The Ninth Circuit may soon be evaluating the scope of CWA jurisdiction over groundwater. That issue -- along with the others raised by the Healdsburg decision -- has been fully briefed. In those briefs, appellees have acknowledged the split in the case law but cite to various rulemakings, including the general permit promulgated for concentrated animal feeding operations and the preamble for the federal storm water permitting program, as evidence that the regulatory agencies intend to cover hydrologic connections from groundwater to surface water. In contrast, the appellants argue that the case law and legislative history of the CWA do not support a broad finding of jurisdiction over groundwater. Appellants cite to, among other things, the "effects" language of the Bosma court and assert that: any water leaving the pond only results in "indiscernible" changes to the quality of the river; and absent a documented impact on the river itself, the court cannot require permitting over "theoretical" levels of constituents. Not surprisingly, amicus briefs have also been submitted on the issue. For example, the American Forest and Paper Association cites to legislative history to support its claims that "Congress has, at various times, considered regulating discharges to groundwater, but they remain outside of CWA jurisdiction."

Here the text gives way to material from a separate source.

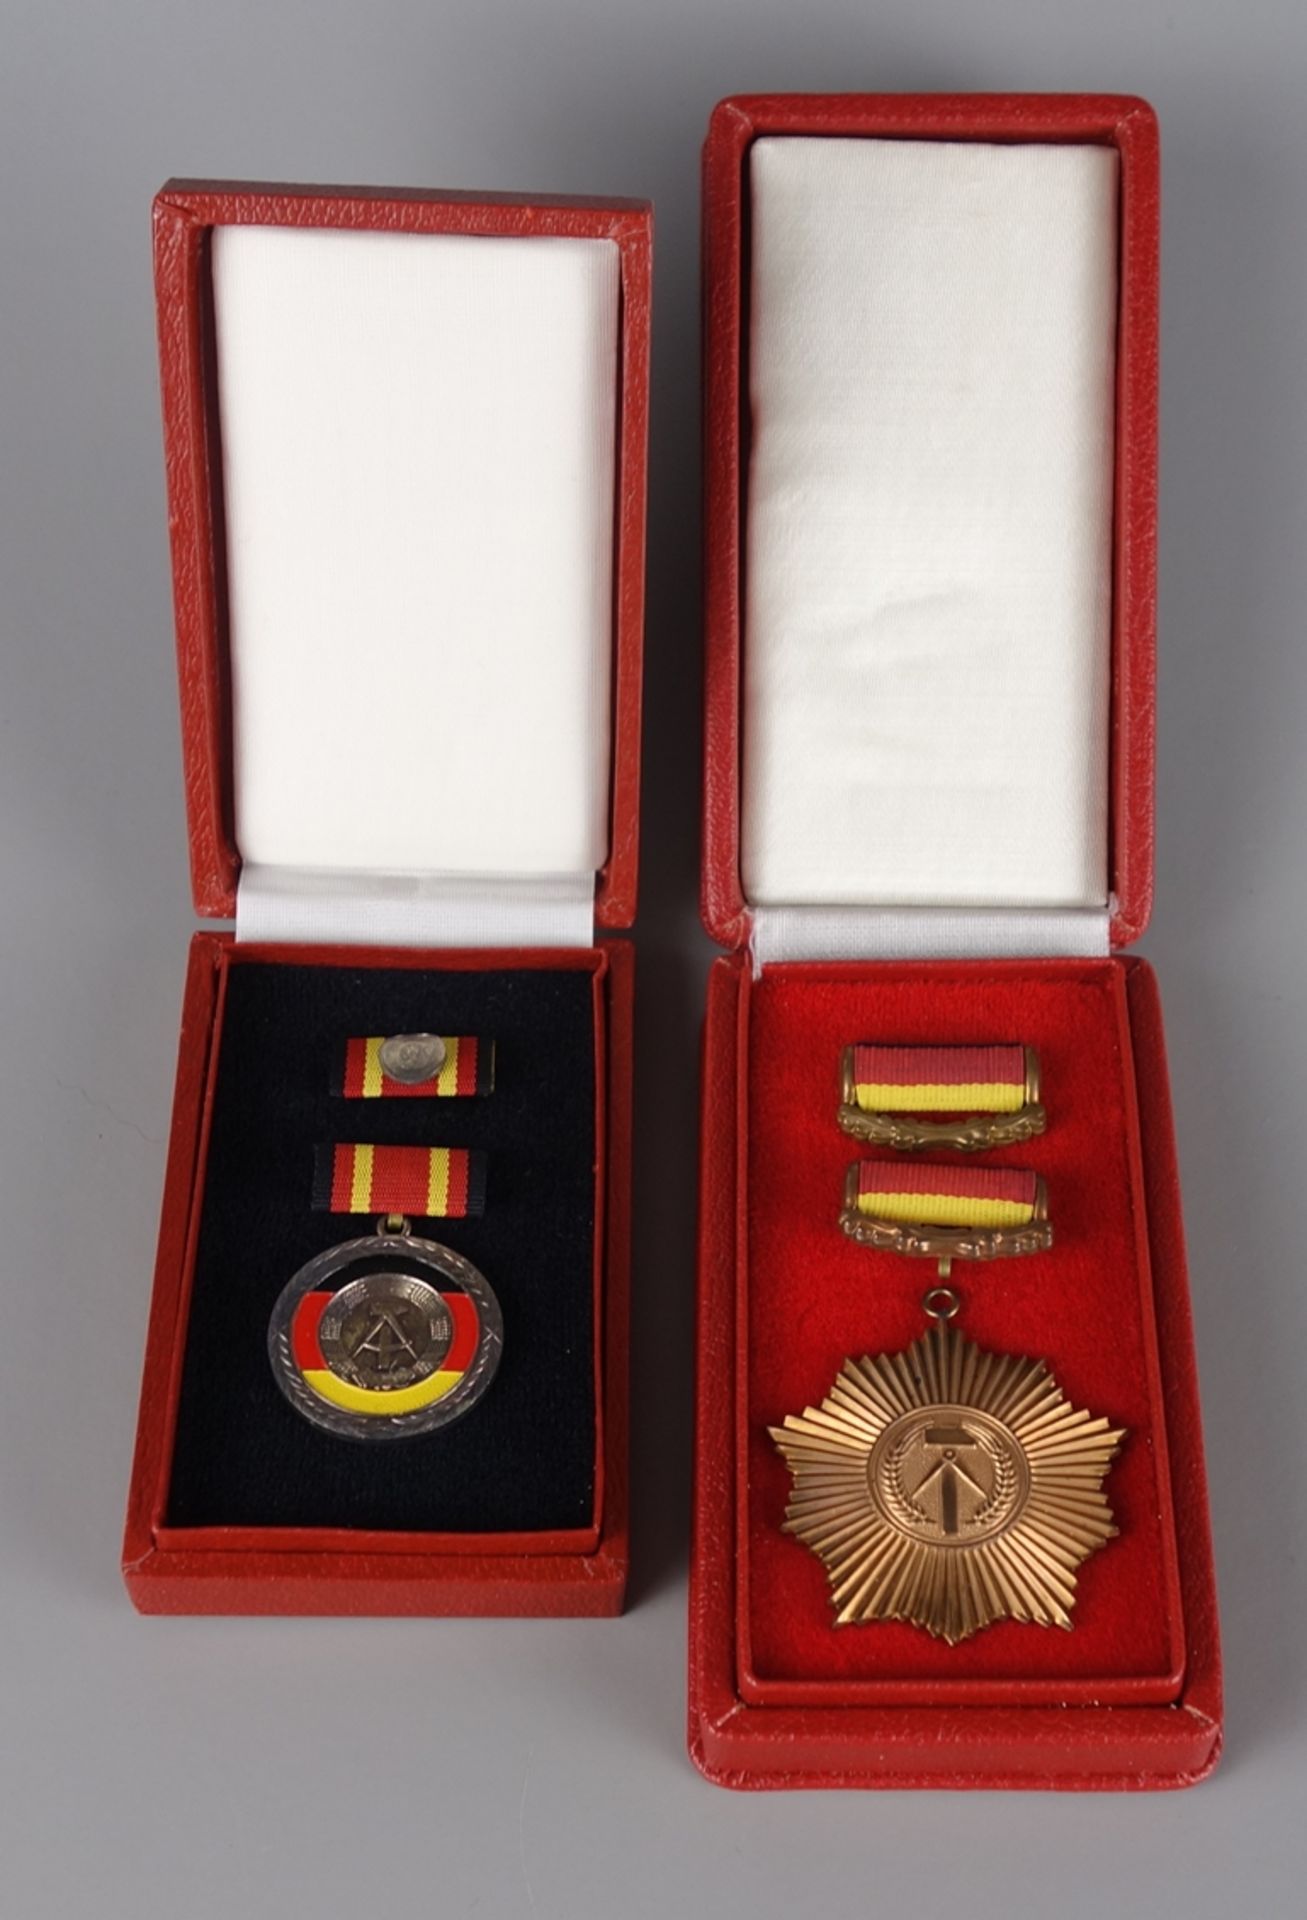 Vaterländischer Verdienstorden in Bronze und Verdienstmedaille der DDR, mit Urk - Bild 3 aus 3

Any determination by the Ninth Circuit on the Healdsburg issues will be closely followed and could have significant consequences for CWA programs in the Ninth Circuit and beyond. After the decision in SWANCC, the regulated community, legal scholars, permitting authorities and nongovernmental organizations have engaged in a much publicized debate over the scope of the CWA. The issues raised in that debate could be dwarfed by a Ninth Circuit decision addressing the scope of CWA regulation over groundwater.